Patrick R. MacQueen is one of the founders of MacQueen & Gottlieb, PLC.

2. Transfer process and approvals. In most cases, the underlying franchise agreement will expressly prohibit the sale of the franchise without the prior written approval of the franchisor. Because of this restriction, both buyer and seller must notify the franchisor of a potential sale as soon as possible. The buyer will want the franchisor to approve the proposed transaction and will want to know if there are any conditions attached to the approval. Most franchise agreements provide a process that the parties must follow for the sale of the franchise.

3. Fresh. Most franchise agreements require payment to the franchisor for the transfer to occur. The buyer and seller must agree on who will pay the transfer costs.

4. The franchise contract. Most franchisors require buyers to perform the then-current form of the franchise agreement, rather than allowing the buyer to simply assume the existing franchise agreement. The buyer will need to review both agreements and understand the differences between the two agreements. Often times, the buyer will not have much influence in negotiating the franchise agreement, but the buyer should understand the terms of the existing franchise agreement and be aware of the new terms that the buyer must now agree to.

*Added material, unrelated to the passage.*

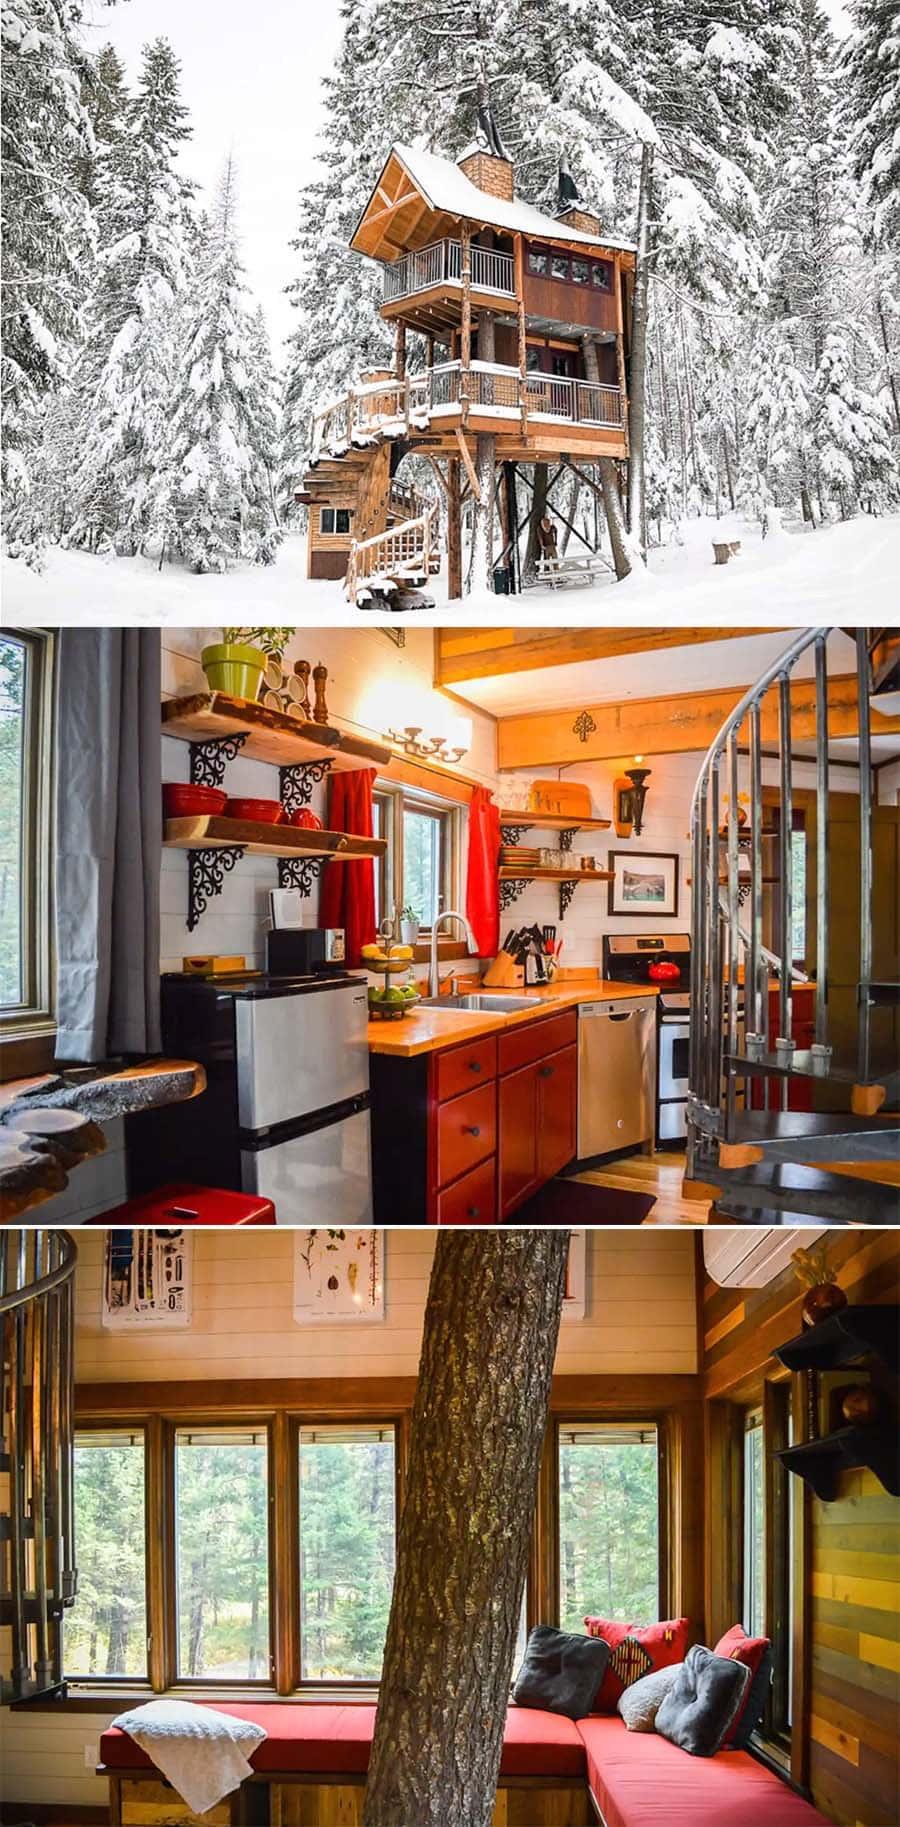 Meadowlark treehouse cabin airbnb

5. The leases and the duration of the franchise. Often times, the remaining term of the franchise agreement and the remaining term of the existing lease are incompatible. For example, if the franchise agreement has a term of 10 years, but the existing lease is only 3 years old, it is imperative that the buyer obtains a lease extension corresponding to the term of the franchise agreement.

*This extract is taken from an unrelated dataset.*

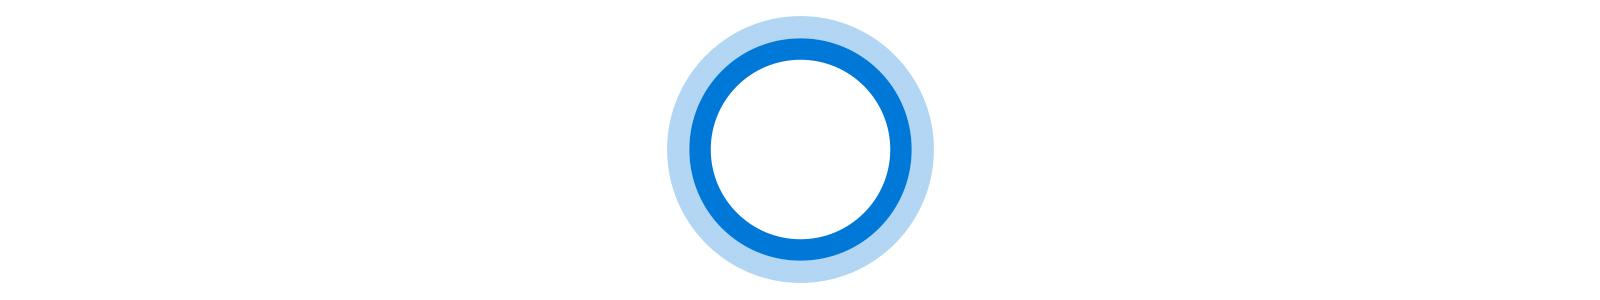 Cortana 动画图标

Real estate franchises are everywhere and are a very popular way to enter the industry. Like other franchises, a franchisor authorizes the use of its name to the franchisee in exchange for a royalty. These “fees” are typically a percentage of the franchisee’s property closures, among other fees. If you are purchasing an existing real estate franchise, you will want to consider the non-exclusive list of items mentioned above.

If you have for any further questions on real estate, franchising or business law, please feel free to email me at [email protected]. I look forward to hearing from you!

Patrick R. MacQueen is one of the founders of MacQueen & Gottlieb, PLC.